Menjadi Bayi: Puasa dan Transformasi Diri

Menjadi Bayi: Puasa dan Transformasi Diri

- in Narasi
1135
0
Menjadi Bayi: Puasa dan Transformasi Diri

Ada satu rumus yang menyatakan bahwa semakin lemah fisik manusia, maka akan semakin menguat sisi batiniyahnya. Dari berbagai kebudayaan yang ada, sepertinya rumus inilah yang melatari pula perjalanan agama atau khususnya para pemukanya. Tak kurang dari Siddharta, yang meninggalkan segala statusnya di dunia, Yesus, yang konon terang-terangan mengutamakan jiwa dengan titik-berat etika “emas”-nya, hingga Muhammad yang konon selalu memilih jalan tengah dalam setiap persoalan yang dihadapi.

Dalam banyak tradisi spiritual dominasi sisi batiniyah manusia itu dipersonifikasikan sebagai bayi. Tak hanya dipercayai bahwa bayi itu suci, namun untuk melihat bahwa ketika yang non-fisik itu benar-benar hadir, maka bayi adalah sebuah misal yang tepat. Kelemahan fisik seorang bayi akan membuat siapa pun tak akan menggunakan kekerasan untuk menyikapinya. Justru, sang bayi akan segera mendapatkan penyikapan “emas” seperti kasih-sayang dan kenyamanan tak peduli semerepotkan apapun ia.

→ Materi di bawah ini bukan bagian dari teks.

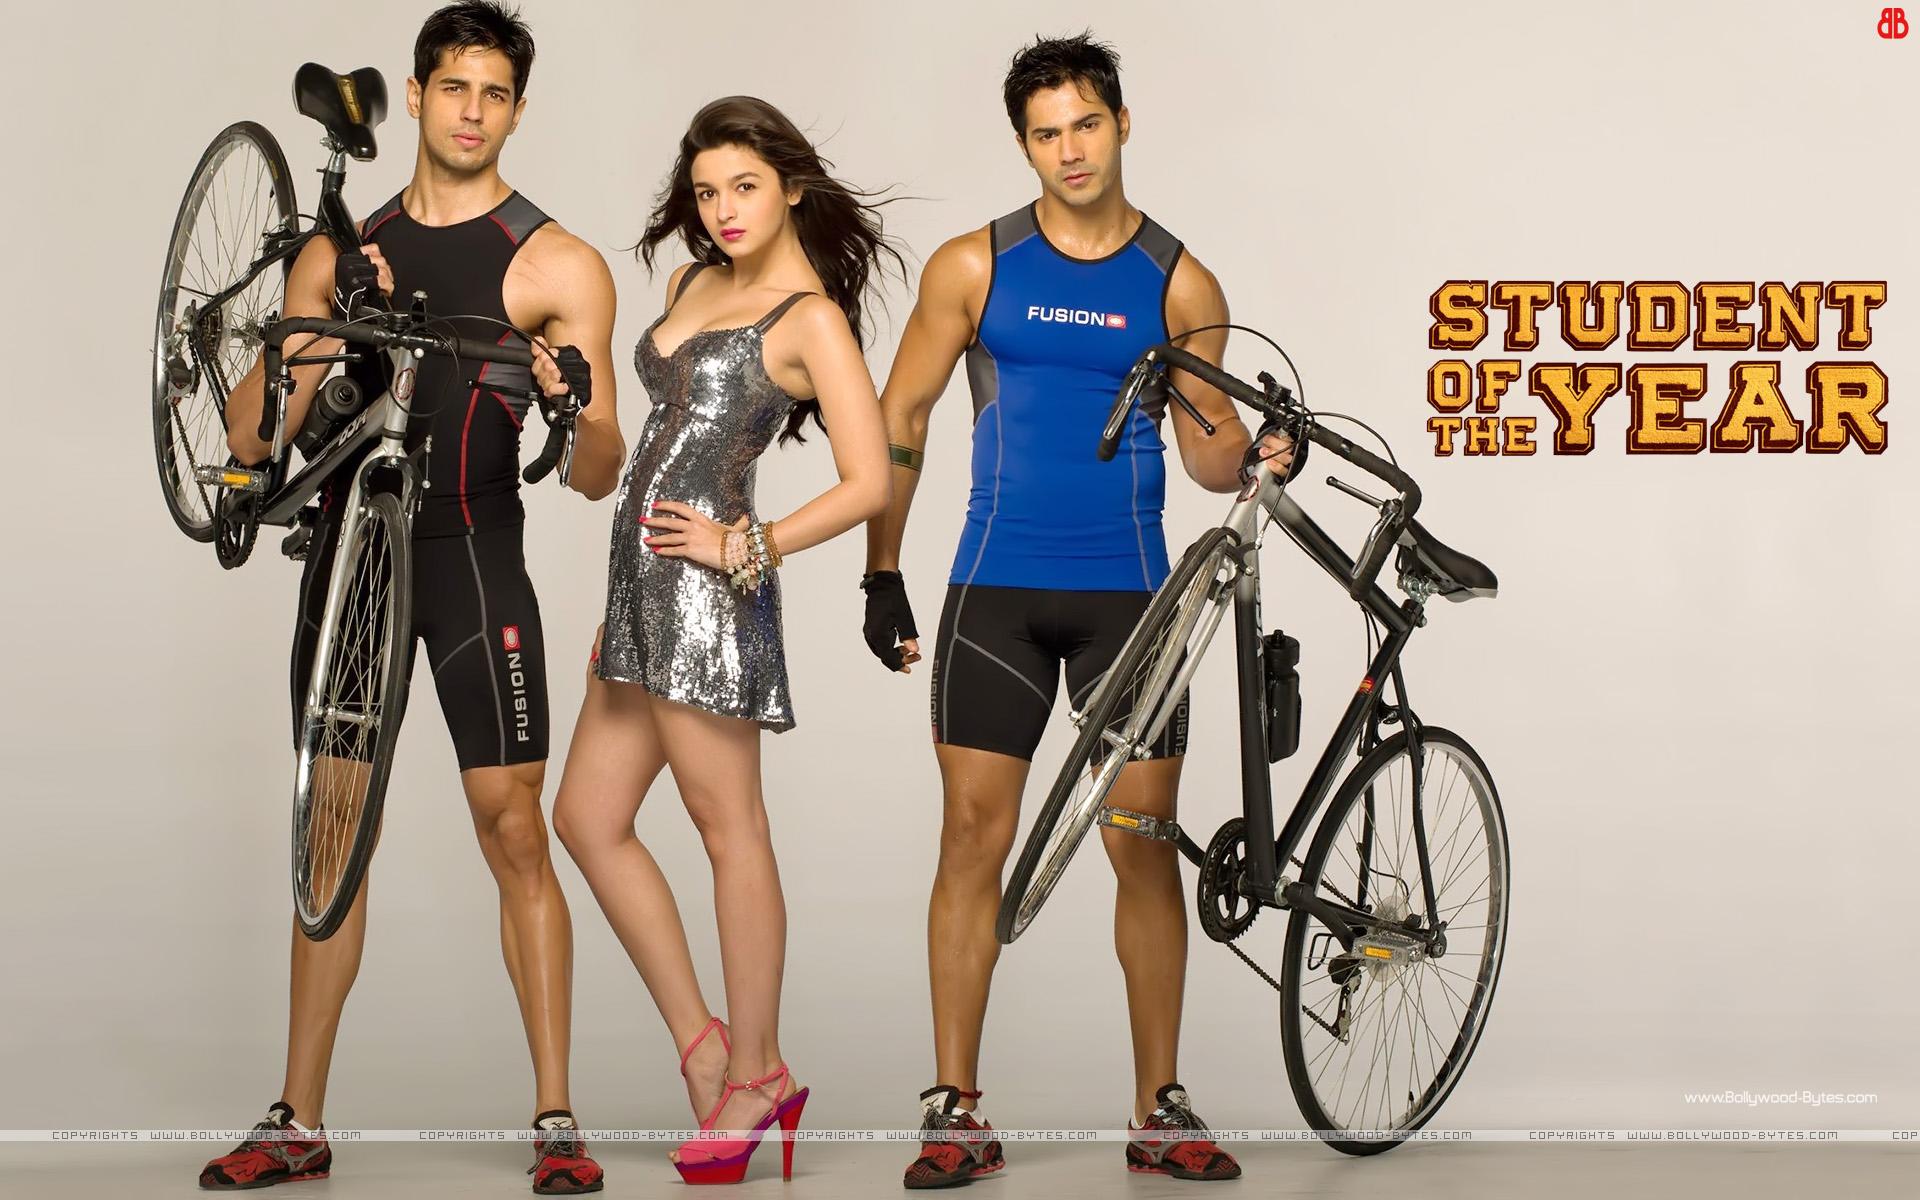 http://3.bp.blogspot.com/-cInSqZVmCM0/UIop0bF30tI/AAAAAAAASwY/5G6mVvQV1cs/s1920/Student-Of-The-Year-+Hot-Alia-Bhatt-Varun-Dhawan-Sidharth-Malhotra-HD-Wallaper-52.jpg
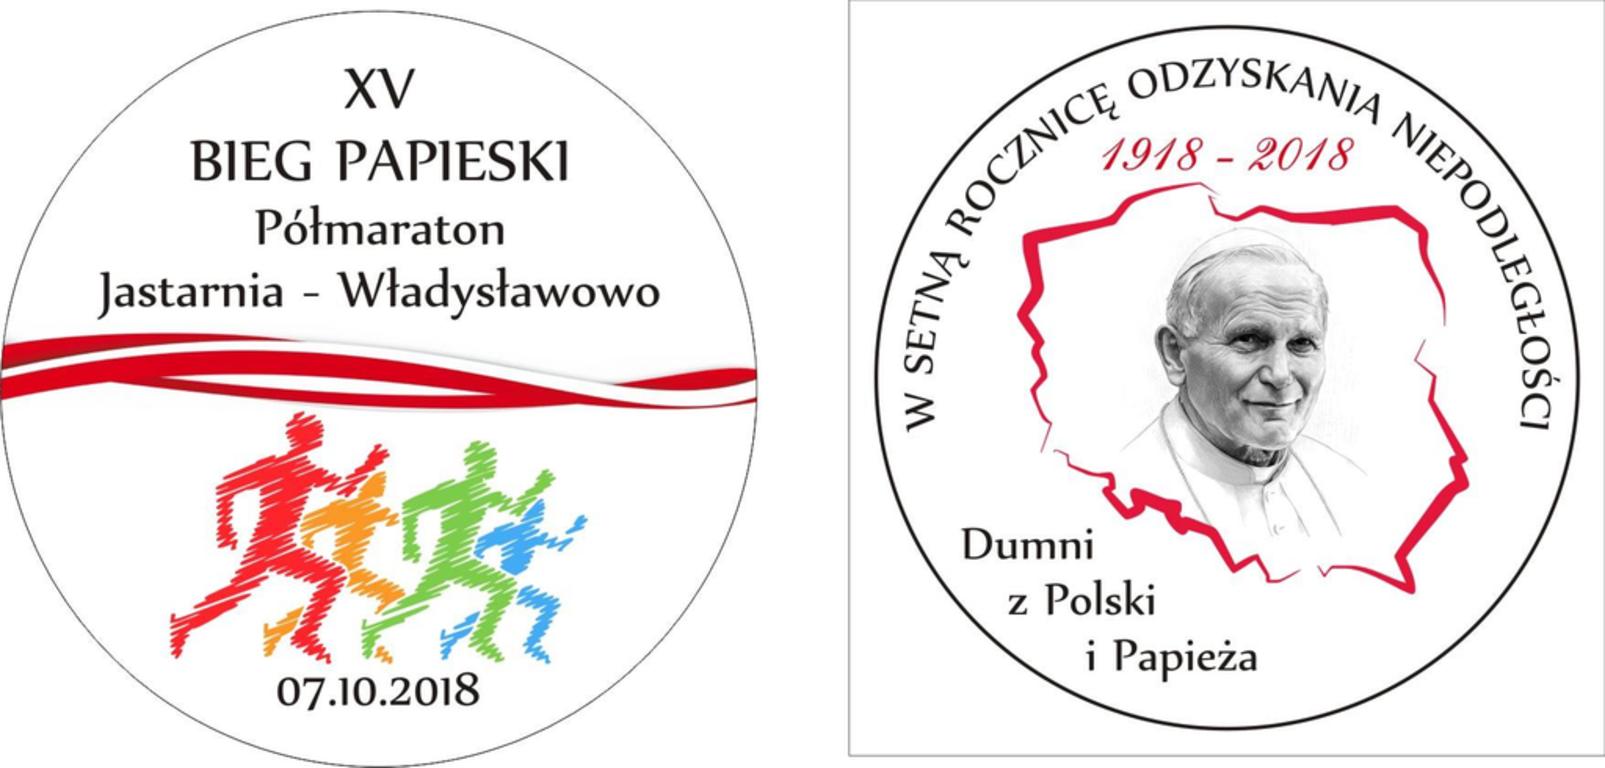 XV Bieg Papieski o memoriał św. Jana Pawła II (link otworzy duże zdjęcie)

Rumus inilah yang saya kira mendasari tradisi dan ritual-ritual keagamaan yang selama ini orang lakoni. Dan bukankah dalam banyak tilaran kebudayaan selama ini seolah berlaku adanya kederajatan dari yang kasar menuju yang halus, dari yang kurang baik menuju kebaikan, dari yang berbentuk menuju yang tak berbentuk, dari yang fisik menuju yang non-fisik?

Saya tak akan menyimpulkan bahwa ini semua adalah sebentuk Platonisme yang percaya bahwa yang tampak atau yang terindera hanyalah tiruan semata dari yang tak tampak (eidos). Justru, bagi saya, pengutamaan jiwa atau hal-hal yang non-fisik itu adalah sarana penggandaan kekuatan pada yang fisik.

Hal ini kentara pada praktik puasa Ramadhan yang dilakoni oleh sebagian orang. Dari perspektif moralitas tuan dan budak yang pernah didedahkan oleh Nietzsche, tentu saja puasa adalah sebentuk kekalahan seseorang atas kehidupan sehingga memerlukan sebentuk pelarian yang bernama akhirat atau hasil yang akan dituai kelak. Bagi Nietzschean jelas, logikanya, kalau kenikmatan itu dapat dipenuhi di sini dan kini kenapa harus menunggu kelak di akhirat?

Dalam hal ini, yang dilupakan oleh Nietzsche, saya kira, adalah ketika seseorang berpuasa dan pada saat nantinya berbuka kenikmatan inderawi ternyata dapat berlipatganda, yang otomatis prinsip “Ja sagen” atau afirmasi kehidupan Nietzschean justru dapat nyata terasakan. Bukankah selama ini nyaris tak ada orang yang tak merindukan Ramadhan, dimana konon orang berharap hari-hari itu akan kembali berulang?

Nietzsche tentu saja tak pernah berpuasa Ramadhan sehingga fakta puasa semacam itu luput dari permenungannya perihal agama dan kehidupan keagamaan. Dalam Thus Spake Zarathustra, secara ironis Nietzsche pernah menggambarkan tiga bentuk kedirian manusia dimana yang tertinggi adalah kedirian bayi. Tapi Nietzsche tak teringat perumpamaan bayi itu dalam melihat agama dan kehidupan keagamaan yang menyebabkan pandangannya atas agama terkesan dangkal. Kualitas bayi, dimana yang spiritual atau yang ruhani lebih mendominasi daripada yang material atau jasmani itulah yang saya kira rumus keberhasilan kehidupan yang pernah disajikan oleh agama. Ternyata, seorang yang seolah menampik dunia atau mengundurkan dunia, sebagaimana yang tampak dalam kehidupan orang beragama atau orang berspiritualitas lainnya, justru adalah sebentuk pelipatgandaan keduniawian. Jadi, saya kira, terbantahkanlah Platonisme yang selama ini menjadi momok bagi kehidupan empirik modern.